我有以下格式的服务器日志,我想要awk,可以在两个日期之间提取日志。
日志格式:
00:00:00,002 INFO [LOG.XXX] XXX
01:11:00,001 INFO [LOG.XXX] XXX
02:00:01,002 INFO [LOG.XXX] XXX
SOME JUNK
02:02:00,002 INFO [LOG.XXX] XXX
03:11:00,001 INFO [LOG.XXX] XXX
SOME JUNK
03:00:00,002 INFO [LOG.XXX] XXX
04:00:00,001 INFO [LOG.XXX] XXX
10:00:01,002 INFO [LOG.XXX] XXX
10:59:01,002 INFO [LOG.XXX] XXX
12:03:01,002 INFO [LOG.XXX] XXX
在这里,我想在时间:01到10之间获取日志
01:11:00,001 INFO [LOG.XXX] XXX
02:00:01,002 INFO [LOG.XXX] XXX
SOME JUNK
02:02:00,002 INFO [LOG.XXX] XXX
03:11:00,001 INFO [LOG.XXX] XXX
SOME JUNK
03:00:00,002 INFO [LOG.XXX] XXX
04:00:00,001 INFO [LOG.XXX] XXX
10:00:01,002 INFO [LOG.XXX] XXX
10:59:01,002 INFO [LOG.XXX] XXX
我尝试的选项:
我可以用" -n"来打上时间戳。

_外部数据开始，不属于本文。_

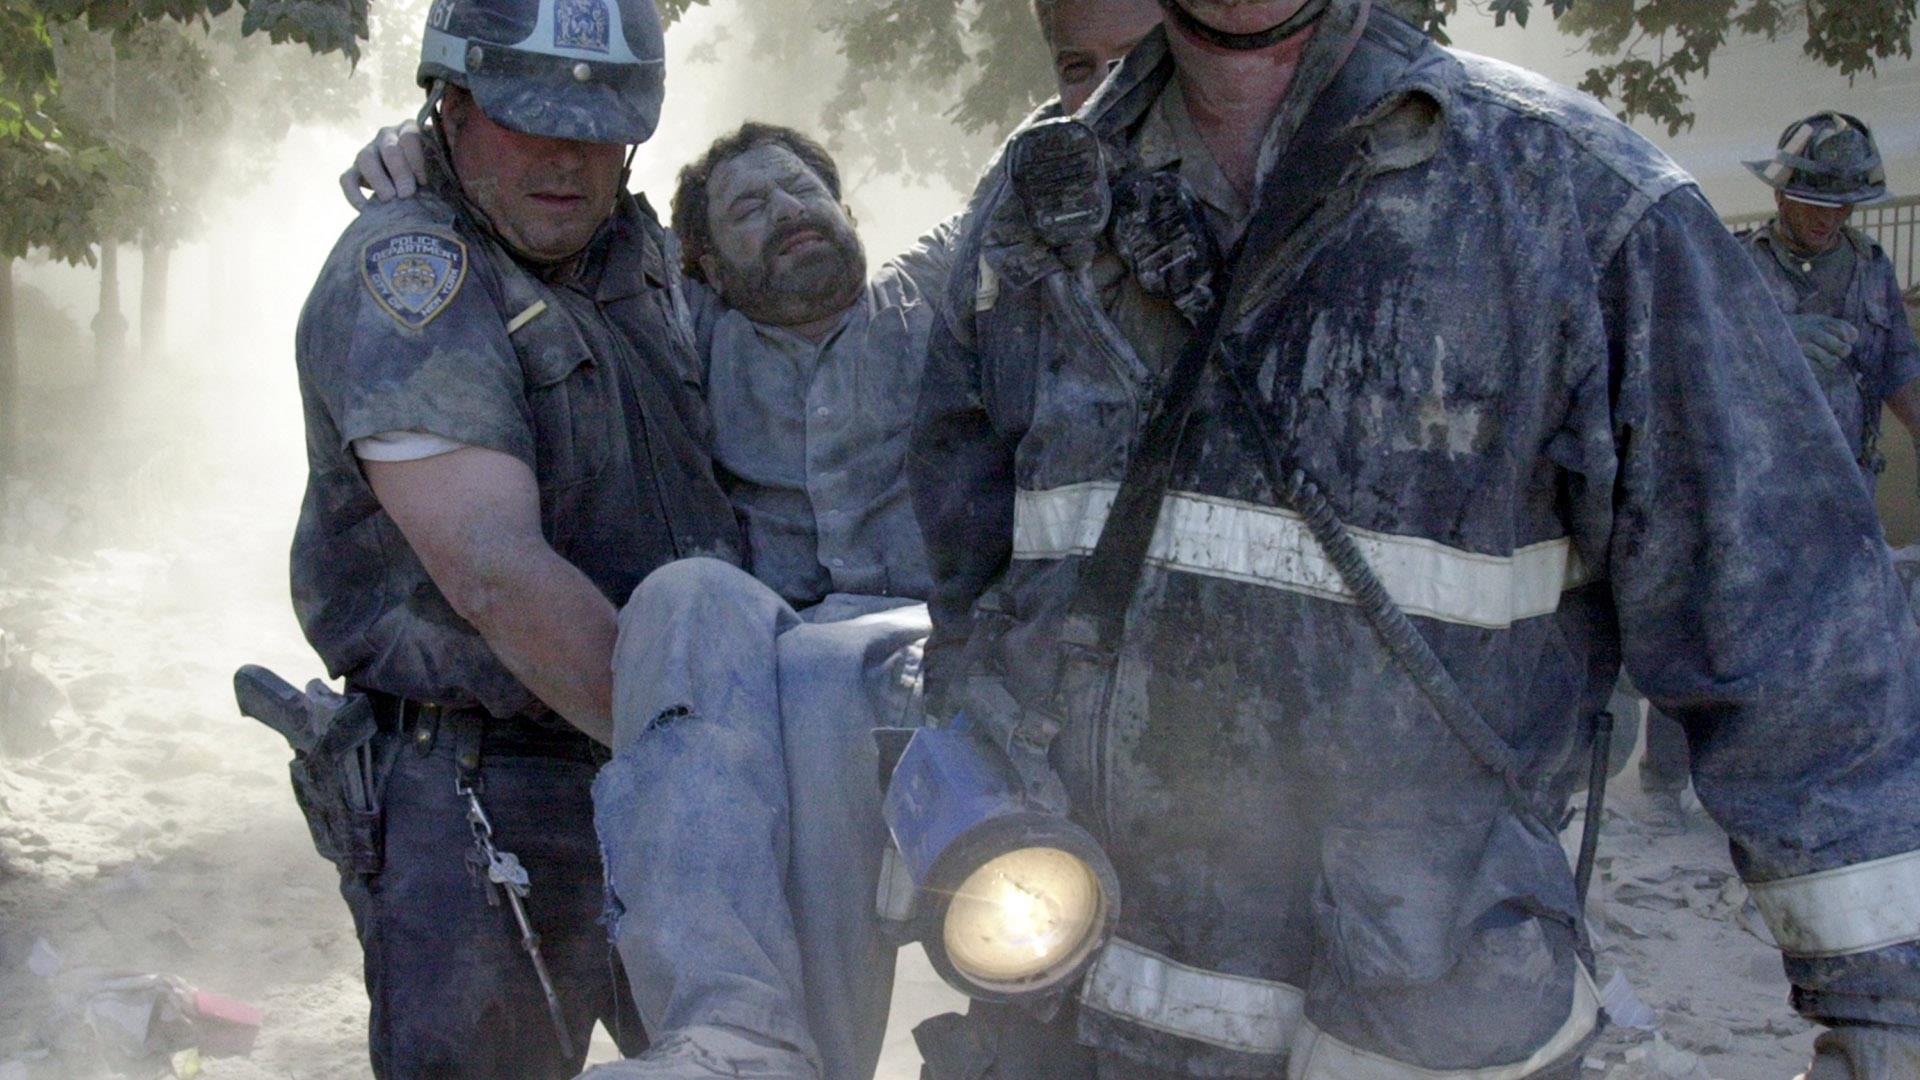 Сколько человек пропало после теракта в крокусе. 9.11.2001 Теракт сержант Маклафлин. Теракт в США 2001 башни Близнецы. Башни Близнецы 11 сентября жертвы.
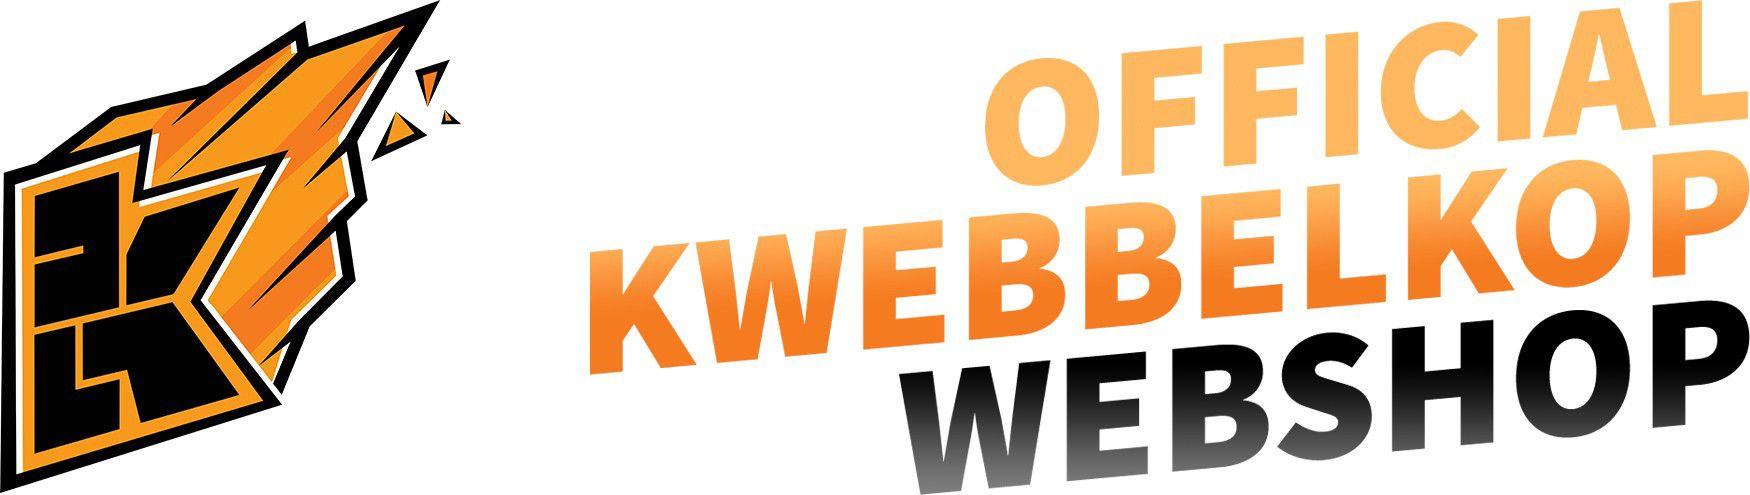 Kwebblekop Logo - Kwebbelkop Webshop

选项然后使用sed命令剪切这些行号。但问题是这个方法是我的日志文件是GB,这使得它非常慢,所以我希望awk能够达到这个目的。
答案 0 :(得分:1)
你可以用awk
来做$ cat f | awk '/^01:11/,/^10:59/'
01:11:00,001 INFO [LOG.XXX] XXX
02:00:01,002 INFO [LOG.XXX] XXX
SOME JUNK
02:02:00,002 INFO [LOG.XXX] XXX
03:11:00,001 INFO [LOG.XXX] XXX
SOME JUNK
03:00:00,002 INFO [LOG.XXX] XXX
04:00:00,001 INFO [LOG.XXX] XXX
10:00:01,002 INFO [LOG.XXX] XXX
10:59:01,002 INFO [LOG.XXX] XXX
答案 1 :(得分:0)
您也可以尝试:
for i in `seq $start_time $end_time`; do #$start_time and $end_time are the starting and ending time of the log that you want.
i=`printf %.2d $i`;
awk "/^$i:..:../" file_name;
done
假设输入中的SOME JUNK也以一些时间戳开头。